* **Work instruction**:
Below are the entries; give again exactly the lines from the one mentioning "Nikola Dimitrov, KlangRaum" through the one mentioning "Shop Majestic Men's", inclusive.

* **Data for this task**:
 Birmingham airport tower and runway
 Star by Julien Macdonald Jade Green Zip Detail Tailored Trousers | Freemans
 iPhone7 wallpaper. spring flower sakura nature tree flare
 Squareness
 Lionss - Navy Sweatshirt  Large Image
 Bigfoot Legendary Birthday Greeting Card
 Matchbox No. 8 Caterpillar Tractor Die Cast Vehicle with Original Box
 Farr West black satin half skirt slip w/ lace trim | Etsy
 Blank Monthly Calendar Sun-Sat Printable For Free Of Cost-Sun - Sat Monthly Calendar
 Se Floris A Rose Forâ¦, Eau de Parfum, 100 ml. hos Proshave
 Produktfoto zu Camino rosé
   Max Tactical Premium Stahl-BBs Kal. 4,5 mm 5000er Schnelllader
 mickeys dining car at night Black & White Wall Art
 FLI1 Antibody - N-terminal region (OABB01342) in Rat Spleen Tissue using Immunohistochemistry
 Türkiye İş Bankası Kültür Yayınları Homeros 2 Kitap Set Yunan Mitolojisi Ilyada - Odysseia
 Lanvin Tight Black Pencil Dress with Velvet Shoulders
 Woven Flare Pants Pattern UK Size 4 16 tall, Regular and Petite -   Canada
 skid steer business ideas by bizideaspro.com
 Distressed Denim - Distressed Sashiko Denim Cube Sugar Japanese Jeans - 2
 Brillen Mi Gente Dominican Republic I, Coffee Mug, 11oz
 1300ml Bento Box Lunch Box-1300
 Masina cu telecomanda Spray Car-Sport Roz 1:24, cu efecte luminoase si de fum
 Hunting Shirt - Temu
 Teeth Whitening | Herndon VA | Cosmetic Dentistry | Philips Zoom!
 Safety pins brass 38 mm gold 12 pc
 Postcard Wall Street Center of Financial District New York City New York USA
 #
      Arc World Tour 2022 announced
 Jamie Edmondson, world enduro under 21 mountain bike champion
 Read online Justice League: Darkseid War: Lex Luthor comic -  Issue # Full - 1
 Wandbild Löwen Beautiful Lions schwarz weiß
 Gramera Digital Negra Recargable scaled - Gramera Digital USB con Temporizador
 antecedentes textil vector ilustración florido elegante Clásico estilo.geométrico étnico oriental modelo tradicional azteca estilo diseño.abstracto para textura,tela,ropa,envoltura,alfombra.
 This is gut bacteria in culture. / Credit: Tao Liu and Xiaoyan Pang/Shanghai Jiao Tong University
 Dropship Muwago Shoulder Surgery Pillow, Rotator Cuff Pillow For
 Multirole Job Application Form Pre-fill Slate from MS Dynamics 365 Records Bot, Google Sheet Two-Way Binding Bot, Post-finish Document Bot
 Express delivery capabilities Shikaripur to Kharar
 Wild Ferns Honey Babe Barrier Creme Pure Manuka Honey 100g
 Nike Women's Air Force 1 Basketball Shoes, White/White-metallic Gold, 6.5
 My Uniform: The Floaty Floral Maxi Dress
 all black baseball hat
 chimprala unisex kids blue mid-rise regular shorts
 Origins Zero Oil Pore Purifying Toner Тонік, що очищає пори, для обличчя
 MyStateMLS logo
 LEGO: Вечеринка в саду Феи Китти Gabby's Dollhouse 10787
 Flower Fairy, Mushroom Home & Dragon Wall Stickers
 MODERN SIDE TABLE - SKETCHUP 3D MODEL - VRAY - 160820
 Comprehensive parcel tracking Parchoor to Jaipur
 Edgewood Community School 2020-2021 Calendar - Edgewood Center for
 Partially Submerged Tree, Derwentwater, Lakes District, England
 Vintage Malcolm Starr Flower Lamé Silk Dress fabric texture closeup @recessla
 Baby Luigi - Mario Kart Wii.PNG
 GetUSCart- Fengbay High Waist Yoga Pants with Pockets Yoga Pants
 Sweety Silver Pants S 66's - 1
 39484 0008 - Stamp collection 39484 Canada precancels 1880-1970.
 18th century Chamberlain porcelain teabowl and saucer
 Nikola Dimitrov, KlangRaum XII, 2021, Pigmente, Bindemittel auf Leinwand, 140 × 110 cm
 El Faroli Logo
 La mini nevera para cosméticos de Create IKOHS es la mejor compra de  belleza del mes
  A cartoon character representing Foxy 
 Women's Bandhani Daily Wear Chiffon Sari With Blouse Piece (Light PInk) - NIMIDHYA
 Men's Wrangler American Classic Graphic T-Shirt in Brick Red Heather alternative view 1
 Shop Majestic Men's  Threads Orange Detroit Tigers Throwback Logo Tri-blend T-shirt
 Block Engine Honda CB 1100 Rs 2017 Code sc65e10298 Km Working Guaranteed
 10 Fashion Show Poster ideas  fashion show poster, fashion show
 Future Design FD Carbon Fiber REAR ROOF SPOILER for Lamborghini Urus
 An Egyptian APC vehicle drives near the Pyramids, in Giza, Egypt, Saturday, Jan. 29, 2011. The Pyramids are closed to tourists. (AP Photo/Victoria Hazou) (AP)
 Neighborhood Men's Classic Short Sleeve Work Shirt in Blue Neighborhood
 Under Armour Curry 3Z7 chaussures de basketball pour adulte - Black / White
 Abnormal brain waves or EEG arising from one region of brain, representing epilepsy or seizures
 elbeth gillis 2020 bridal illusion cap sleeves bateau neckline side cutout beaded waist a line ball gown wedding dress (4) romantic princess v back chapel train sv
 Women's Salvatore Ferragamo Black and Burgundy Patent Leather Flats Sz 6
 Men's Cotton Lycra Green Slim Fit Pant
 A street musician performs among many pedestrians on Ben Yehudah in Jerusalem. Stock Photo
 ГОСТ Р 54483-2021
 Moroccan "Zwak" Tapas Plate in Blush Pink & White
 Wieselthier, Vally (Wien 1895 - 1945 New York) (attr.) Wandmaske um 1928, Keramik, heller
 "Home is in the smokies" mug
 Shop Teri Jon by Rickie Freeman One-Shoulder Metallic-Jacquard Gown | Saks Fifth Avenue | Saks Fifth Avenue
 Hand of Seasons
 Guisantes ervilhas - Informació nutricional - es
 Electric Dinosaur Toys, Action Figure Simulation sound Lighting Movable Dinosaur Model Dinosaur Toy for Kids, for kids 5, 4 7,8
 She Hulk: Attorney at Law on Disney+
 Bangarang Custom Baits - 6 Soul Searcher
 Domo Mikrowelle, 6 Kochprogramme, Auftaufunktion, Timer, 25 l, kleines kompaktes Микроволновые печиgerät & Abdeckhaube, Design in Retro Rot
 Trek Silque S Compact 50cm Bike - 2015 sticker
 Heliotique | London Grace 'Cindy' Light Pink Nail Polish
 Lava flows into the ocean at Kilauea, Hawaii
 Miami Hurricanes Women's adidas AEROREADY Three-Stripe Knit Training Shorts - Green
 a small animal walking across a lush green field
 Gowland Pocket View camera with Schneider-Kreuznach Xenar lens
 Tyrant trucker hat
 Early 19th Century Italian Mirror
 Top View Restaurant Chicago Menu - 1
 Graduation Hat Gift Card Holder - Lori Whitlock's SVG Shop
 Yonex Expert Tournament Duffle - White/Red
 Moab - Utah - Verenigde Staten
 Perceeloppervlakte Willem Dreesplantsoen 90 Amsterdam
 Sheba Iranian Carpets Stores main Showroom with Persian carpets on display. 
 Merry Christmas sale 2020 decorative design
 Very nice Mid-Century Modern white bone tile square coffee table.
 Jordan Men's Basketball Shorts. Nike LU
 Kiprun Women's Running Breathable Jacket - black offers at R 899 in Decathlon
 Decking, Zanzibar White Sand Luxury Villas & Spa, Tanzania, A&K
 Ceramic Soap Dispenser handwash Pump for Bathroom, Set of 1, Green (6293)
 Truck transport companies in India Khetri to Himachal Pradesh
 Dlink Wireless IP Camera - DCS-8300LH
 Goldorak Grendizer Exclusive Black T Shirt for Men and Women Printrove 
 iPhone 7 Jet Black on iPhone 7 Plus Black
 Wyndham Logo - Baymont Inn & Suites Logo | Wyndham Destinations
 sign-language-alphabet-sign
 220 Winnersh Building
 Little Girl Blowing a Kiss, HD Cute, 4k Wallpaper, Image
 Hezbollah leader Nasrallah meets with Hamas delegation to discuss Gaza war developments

* **Written answer**:
 Nikola Dimitrov, KlangRaum XII, 2021, Pigmente, Bindemittel auf Leinwand, 140 × 110 cm
 El Faroli Logo
 La mini nevera para cosméticos de Create IKOHS es la mejor compra de  belleza del mes
  A cartoon character representing Foxy 
 Women's Bandhani Daily Wear Chiffon Sari With Blouse Piece (Light PInk) - NIMIDHYA
 Men's Wrangler American Classic Graphic T-Shirt in Brick Red Heather alternative view 1
 Shop Majestic Men's  Threads Orange Detroit Tigers Throwback Logo Tri-blend T-shirt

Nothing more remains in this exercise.